Technically and legally speaking, the organization is two separate entities, but Gross said they work together and share a common mission: to spread the power of optimism and support the emotional health of people. The Playmaker Project portion of the organization, Gross said, is particularly committed to supporting the social and emotional well-being of kids whose lives have been impacted by trauma.
When he thinks about their work, Gross said they want to help people lead an empowered, fulfilled, and joyful life. This is easier for some people than others because they have access to lots of resources, supports, and healthy relationships. In that sense, Gross said their focus is looking at kids growing up amidst poverty, violence, illness, abuse, neglect, household dysfunction; all of these kinds of adversities that can overwhelm young children.
“If you think of the work we do with kids as medicine, there’s not a kid in the world who wouldn’t benefit from it,” Gross explained. “But when you have kids who have had a lot of trauma in their lives, it can be harder for them to play joyfully with other people. We want to make sure those children who are deprived of those opportunities get them, too.”
Ripple Effect
Gross realized over time through his work that playing with kids for an hour a week was inadequate, and that kids need way more than an hour of joyful, loving, empowering play. This led the organization to step up and focus on providing support and resources to the adults that were with those kids all the time. By empowering the community to do the work with their kids and not rely exclusively on an organization, Gross said parents could create those joyful, safe, and loving experiences with their kids.
In that sense, Gross said his goal for the “Newtown Talks” event is to teach adults how to have fun and live with more joy and passion. He noted that fun can seem trite and trivial to some people, but to him, fun is about being “fully and joyfully alive.”
“And so as adults, the more we feel alive, the more we can spread that energy around us,” Gross explained.
He continued by saying that while anger and trauma are contagious, so is love and joy.
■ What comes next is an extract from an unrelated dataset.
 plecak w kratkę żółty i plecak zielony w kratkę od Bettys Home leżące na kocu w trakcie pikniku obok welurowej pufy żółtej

If parents want to spread that energy to their kids, Gross said they have to have it themselves.
According to Gross, his dad would end his talks by saying he hopes his loved ones “die young as late in life as possible.” Gross thought that sentiment was beautiful, and it inspired him to teach others how to overcome the stress and cynicism of adulthood and maintain that childlike passion for life.
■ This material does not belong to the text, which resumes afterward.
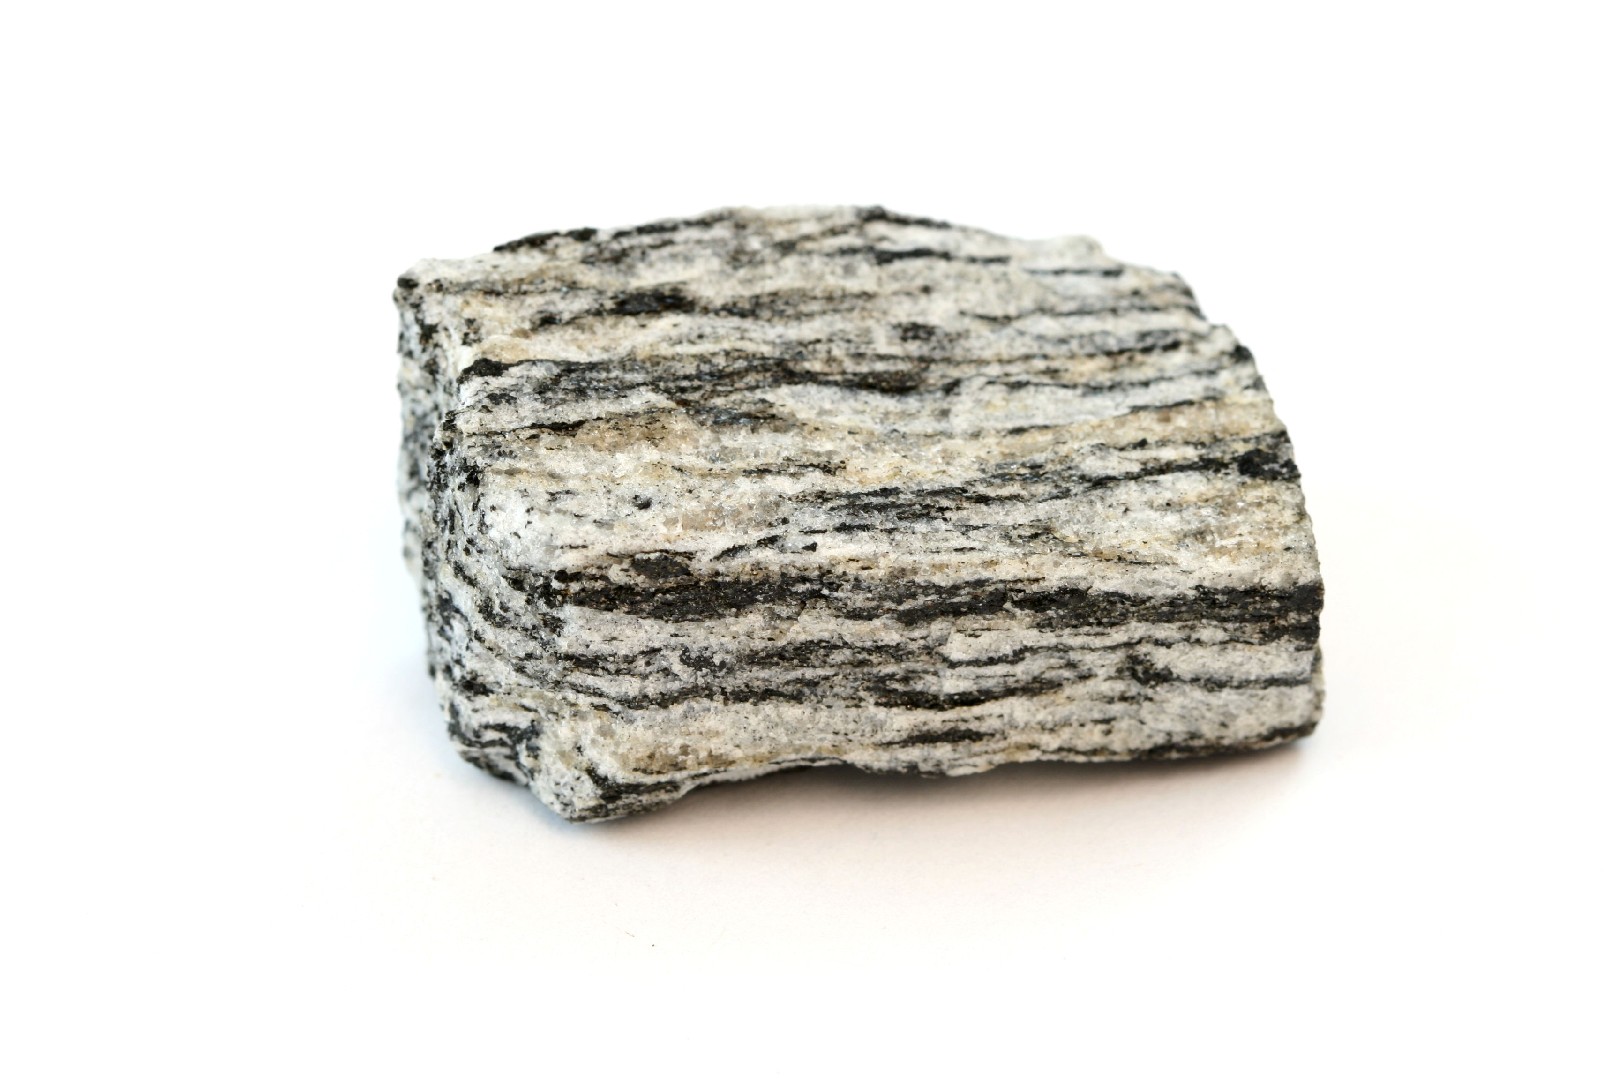 ヘンマガン（片麻岩） (Gneiss)

“I think sometimes adults stop playing. We stop exploring. We stop having that same child-like hunger for fun and wonder and joy. And when we do that, we really stop fully living,” Gross said.
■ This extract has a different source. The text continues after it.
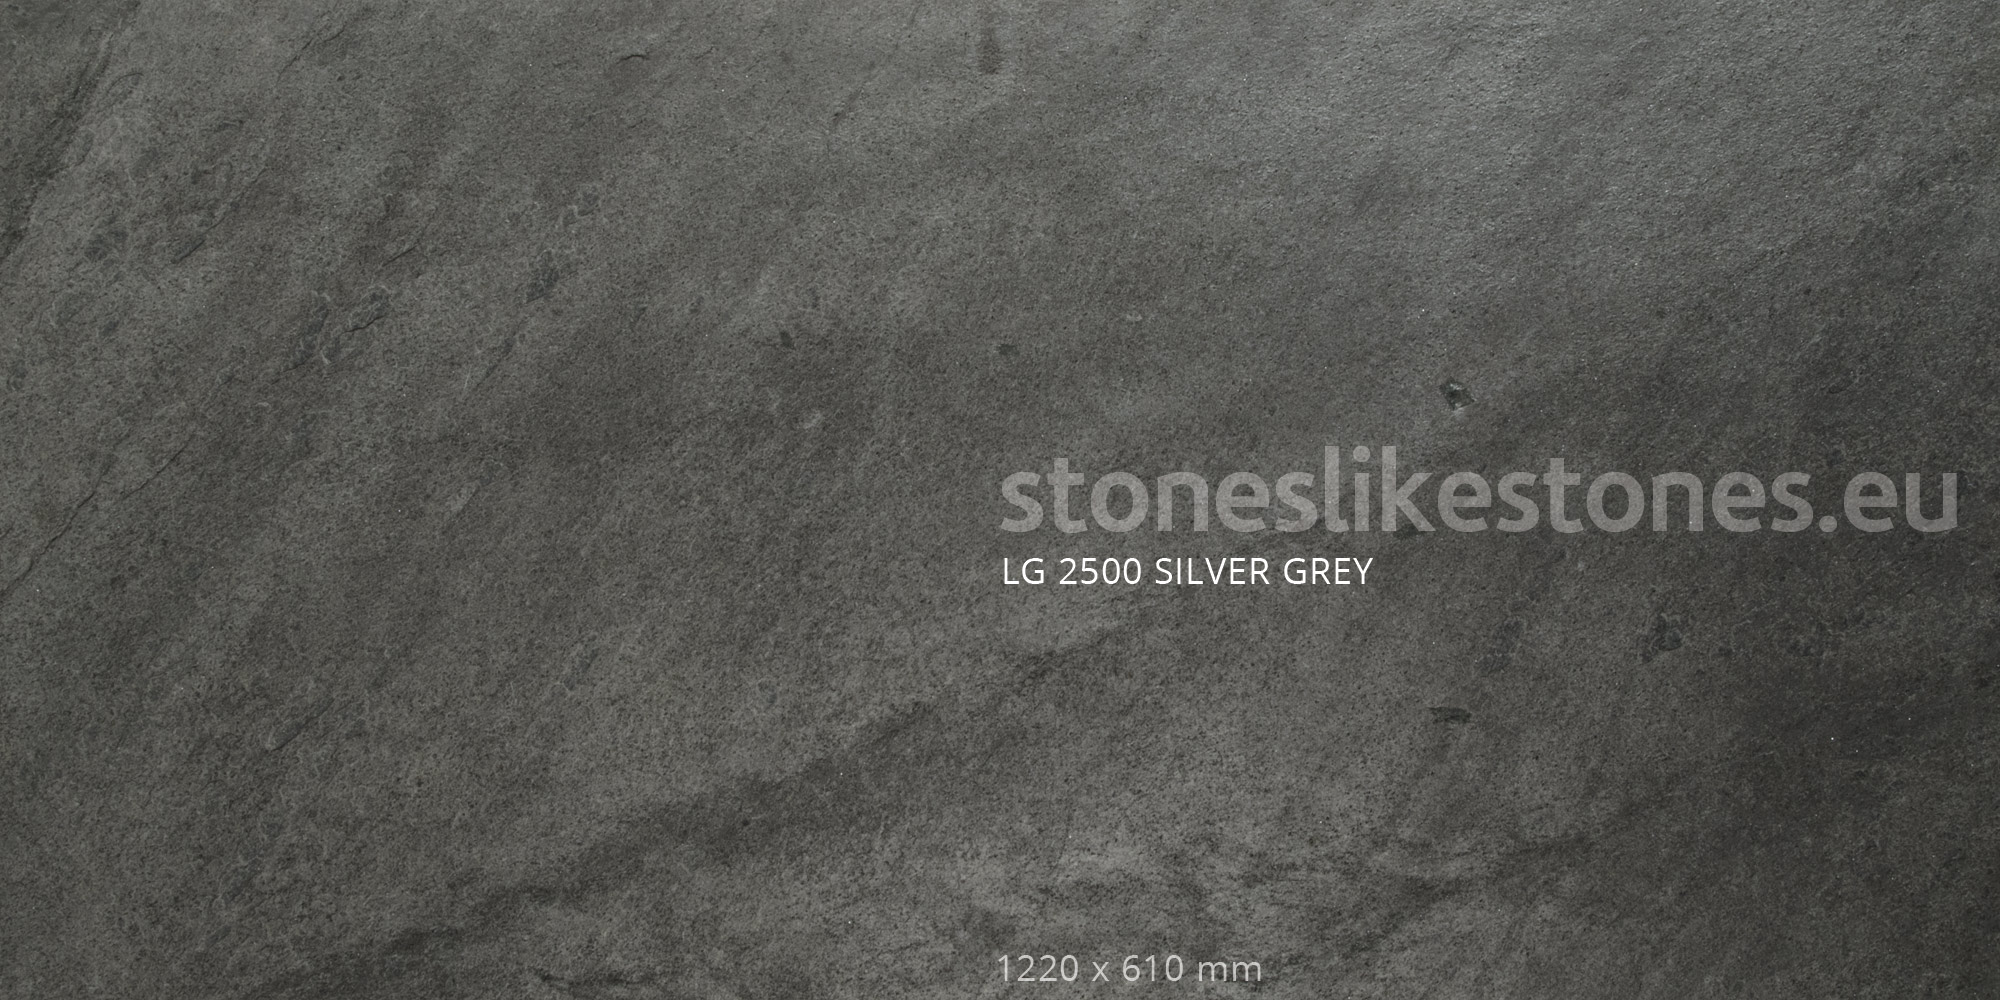 Dünnschiefer LG 2500 Silver Grey

However, he emphasized that there’s no one-size-fits-all method for everyone. Encouraging everyone to go out and do something random like jumping rope is not what fun is about, according to Gross. Instead, he said people need to find and figure out what their own ‘fun plan’ is; what they can do for themselves to evoke a sense of feeling alive and connected to the word around them.
“My idea of a total success would be that everyone who came enjoyed their time there, that they actually had fun, met great people, and took away some ideas that were inspirational and helped them lead a more joyful life,” Gross said.
To Gross, there is no better feeling than helping people find the things they can do everyday to make life a little more fun. He hopes to expand the conversation of mental health beyond Mental Health Awareness Month, which is celebrated in May, to encourage people to have fun and play unabashedly.
“Everybody’s gonna face adversity in their life; some more than others. And the most important thing that helps us overcome adversity is to be loved and connected with other people,” Gross said. “Play, in my opinion, is that universal, loving connector.”